Databases Flashcards
What are databases?
Large collection of data organised for rapid search + retrieval (by comp). E.g. card index (punch cards storing data, like rolodex but in comp lang), flat file (Files store data in hierarchical data structure, analogue of physical storage) or relational (Entities can ref each other, more efficient as reduces dup, quicker search, can be hierarchal but also reps complex relationships).
What does a database system involve?
Schema (design/structure of data + how organised), what store + how related), DBMS (Database Management System, software used to store data efficiently, e.g. Access, MySQL), Query Language (domain specific language [DSL] to talk to DBMS, Insert, manipulate, search, extract e.g. SQL) + data itself.
What are the 3 levels of design?
Conceptual, logical, physical.
What are entities?
People, things, events + locations. Distinct thing with indep existence which we store data about. Logical thing, not specific e.g. dog = entity but Danny = instance of entity.
What are entity relationships?
We rep entities + relationships in Entity Relationship Diagram (ERD).
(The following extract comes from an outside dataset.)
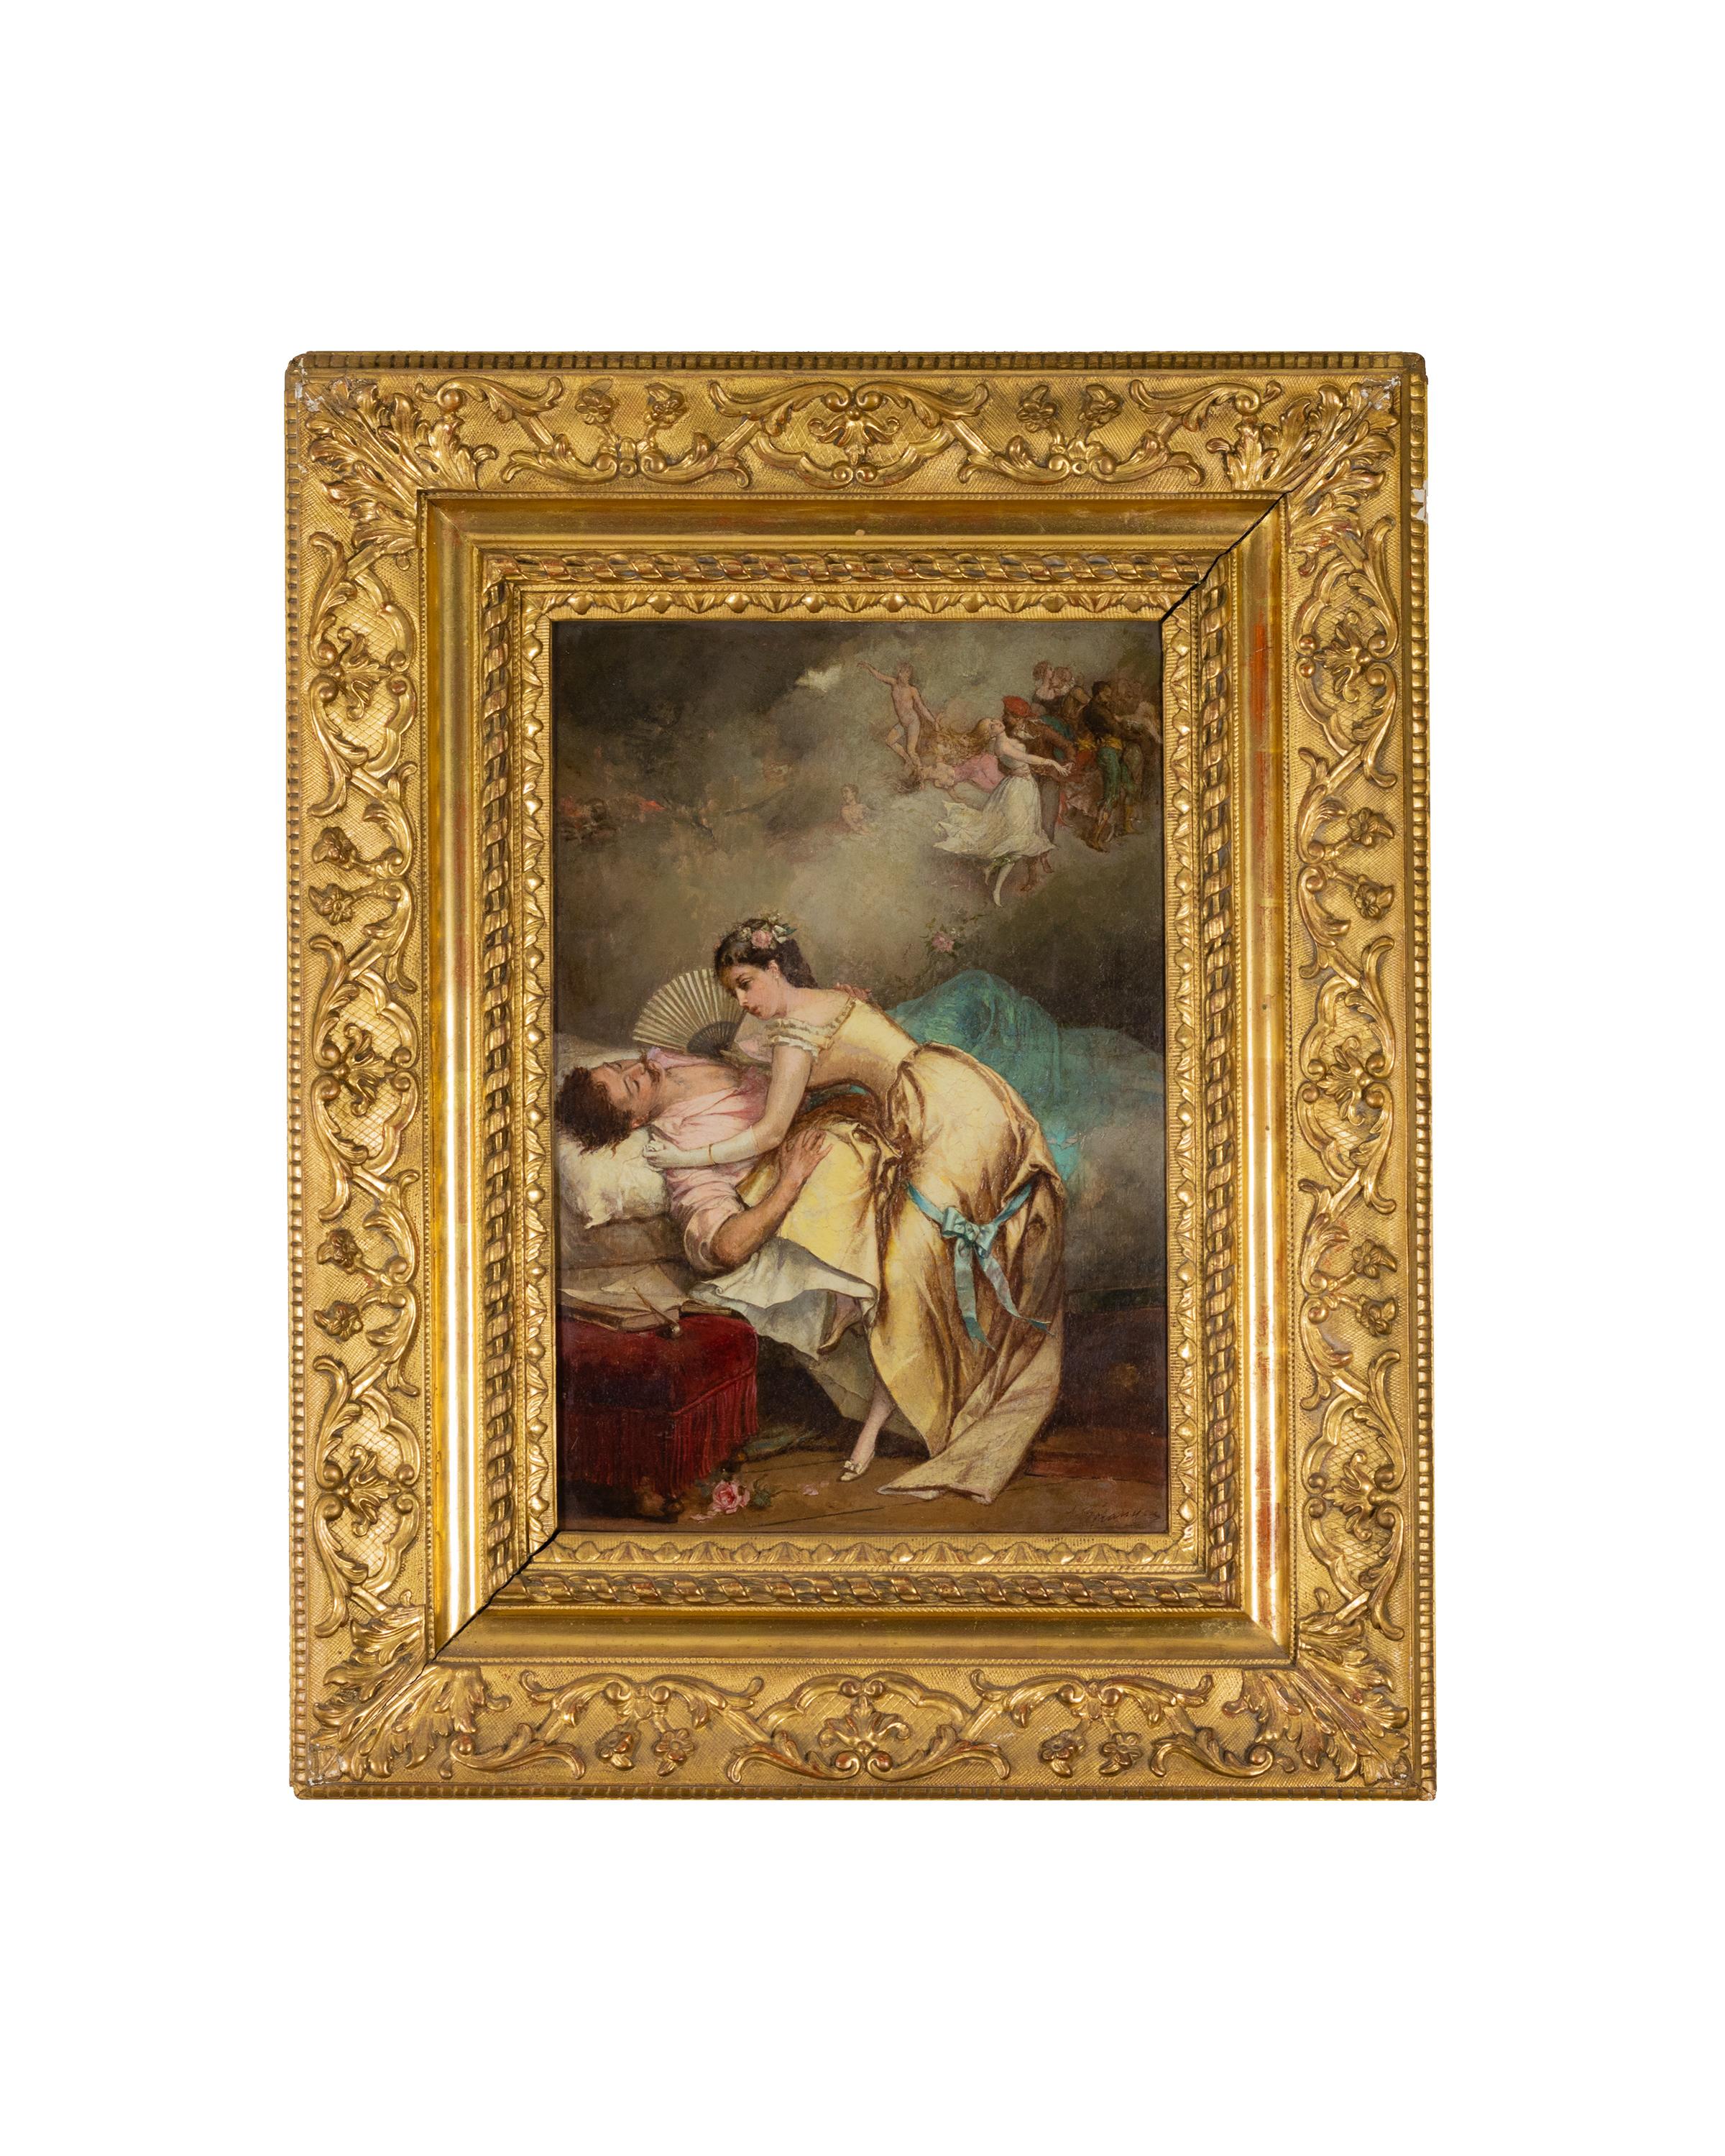 Cuadro del siglo XIX de una pareja de enamorados / escena galante de inspiración grecorromana de la Escuela de Antoine Watteau Watteau por Jean Baptiste Emile Beranger.

Firma

Relationship is connection between entities. Cardinality of relationship is numerical relationship (3 flavours of cardinality) i.e. 1:1 (each entity has 1 related entity), 1:n (1 entity may have multiple related entities but entity on other side has only 1) + m:n (both entities can have many related entities)
What is an attribute?
Properties/characteristics of an entity, i.e. required/optional, simple/composite, single-valued/multi-valued, stored/derived, keys.
If an attribute is required, it cannot be blank or have a null value.
Simple vs Composite Attribute
Simple is self contained e.g. gender, whilst composite is made up of other attributes e.g. address.
Single vs Multi-Valued Attribute
Single means only 1 value e.g. DOB. Multi means multiple values e.g. skills.
Stored vs Derived Attribute
Stored are data we actually store e.g. DOB whereas derived are derived from stored e.g. age.
What is a primary key?
Attribute which uniquely identifies individual instances of an entity, quick way to find instance. Can’t be blank/null. E.g. student ID num.
What is a candidate key?
Attribute that could be a key, identified before choosing a primary key.
What is a composite key?
Combo of attributes that uniquely identifies individual instances of entity.
What does open source mean?
Software source code is provided + can be modified by anyone.
What is the difference between MySQL + MariaDB?
It’s a binary replacement with add+ features + dif licencing. MySQL more supported + MariaDB freer + more innovative.
What is a NoSQL DBMS?
‘Not Just SQL’ is increasingly pop approach to data storage, moves away from trad model of large tables where state (data consistency) closely controlled to large flexible databases focusing on availability. V. pop for large data + high availability (lots of users) applications. e.g. MongoDB.
What is ORM?
Object-Relational Mapping. Mapping of entities within software to entities within database (e.g. class in Java maps to table in database). Often done automatically – tables automatically created in database once code written.
What are the main data sources?
Social media platforms, pharmaceuticals, medicine & e-commerce (transport, banking, retail, construction, financial, insurance, energy).
What’s wrong with unstructured data?
Hard to use + hard to turn into info.
What is hierarchical structure?
Graph (tree-like structure). Each node may have 0+ children, each child has 1 parent, root note has no parent. 1st database model, created by IBM in 60s.
E.g. Windows registry stores low-level settings for Windows OS + apps using registry.
What are the pros + cons of hierarchical structure?
Pros: Clean + logical, fast to navigate, little data duplication, everything in place.
Cons: Many to Many not supported, rarely models real world.
What is set theory?
More flexible, items of data (nodes) can belong to 0+ sets, sets can contain 0+ items. Like Venn Diagram. Union (either/both), intersection (both) + set diff (\ in one, not other).
What is data mining?
Computerised process to discover patterns in data using combo of techniques from data science, machine learning, stats + DB systems. Involves pre-processing, data mining, validation & visualisation.
What is pre-processing?
Assembly of data into set + cleansing (removal of noise + fitting in missing data).